You use an elastic band these days that has been touched by the sun for a few hours and it snaps. To me it's symbolic of the lousy quality control that means everything from your refrigerator to your weed wacker stops working the day after the warranty expires.
I have a regular supply of elastic bands since the newspaper delivery guys use them whenever they don't leave my papers in a puddle or somewhere beyond hailing distance of the porch.
I use the bands to anchor a disabled parking permit in my car. It's a great aid by society to my wife who has trouble walking and I want to make sure the parking vultures see it. I find that two elastics are good for several days if I don't touch them.
I realize that kitchen appliances that used to last forever now blow up after 10 years plus one day. I have come to accept that the computer on which I am typing this seems to be obsolete after a year or two and one sneer from a millennial.
All this bugs me a lot. And thanks to the lousy manufacture of the elastic bands used by the Star and Post, I am reminded regularly of this when a simple elastic band can't stretch in the sun without getting melanoma.
(It also bugs me that there is this evil coalition between the electricity producers and the appliance manufacturers that pump out the propaganda that any device older than a year is a terrible waster of electricity.
You know, almost as much as the smart meters that don't work yet are used to savage me with high bills for an unused cottage.
I inherited a fridge when I bought my house half a century ago (which actually seems just yesterday. ) I used it for 10 years and then it spent several decades as a beer fridge as we bought several replacements which were a lot larger and a lot weaker.)
I know that most Canadian appliances are made by just one company. You would think that with all the practise they would make a better product. They slap different names on them, and the more expensive ones have costlier trim, but are never sturdier for some suspicious reason.

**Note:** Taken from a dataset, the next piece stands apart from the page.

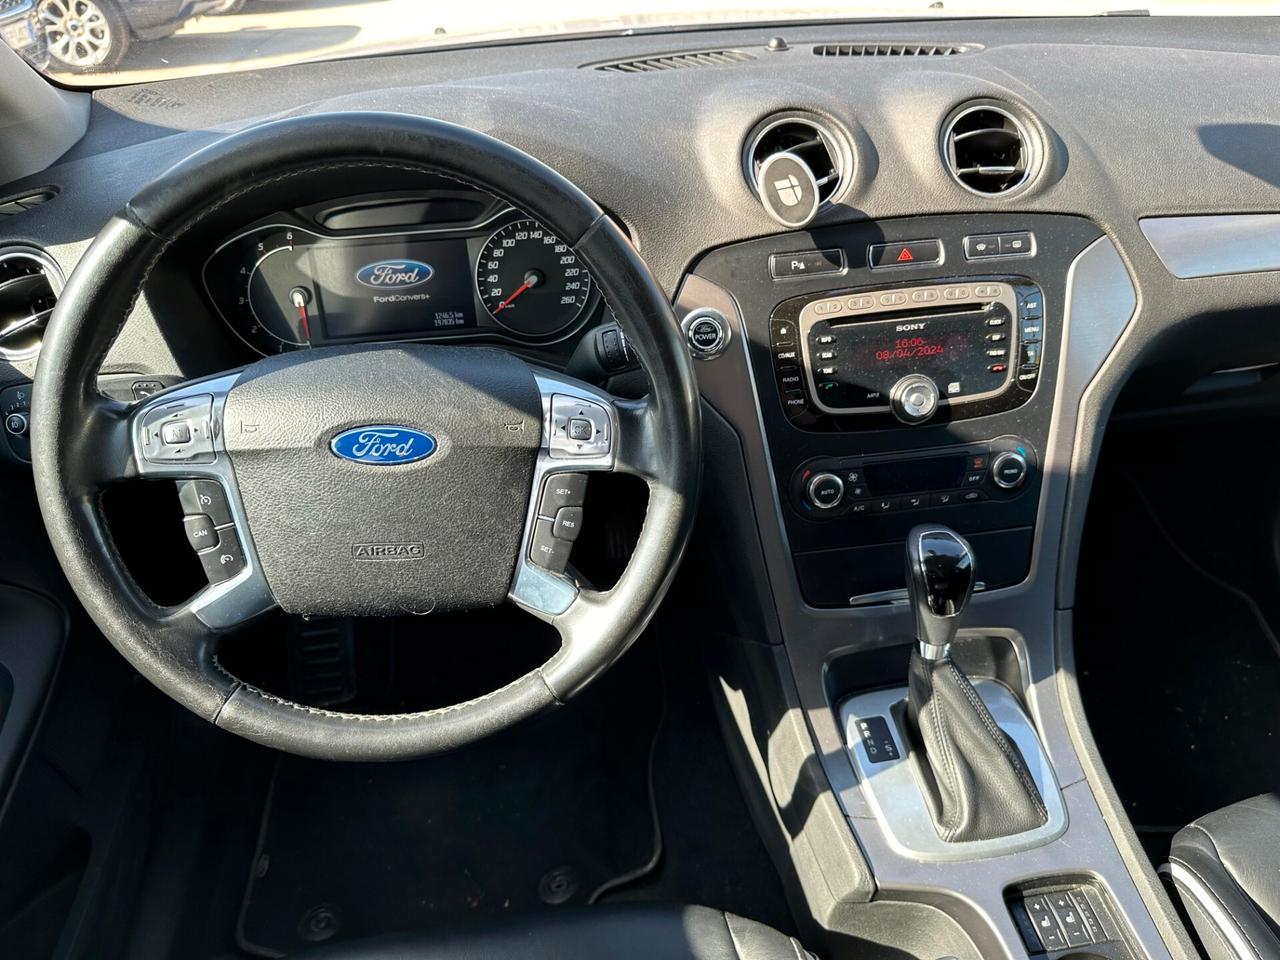 Ford Mondeo2.0 TDCi 163 CV

And yet the various provincial and municipal power vultures, which are supposed to care more about the public  than private companies,  encourage us to scrap any old fridge that lasts on the grounds it's a power hog. Well, it takes one to know one!
I remember when an elastic band was sturdy enough to survive a morning of being shot around a public school classroom at any exposed neck, except for the girls of course who tended to tattle when you hit them.
The good old days, when things didn't wear out just after you took them out of the package.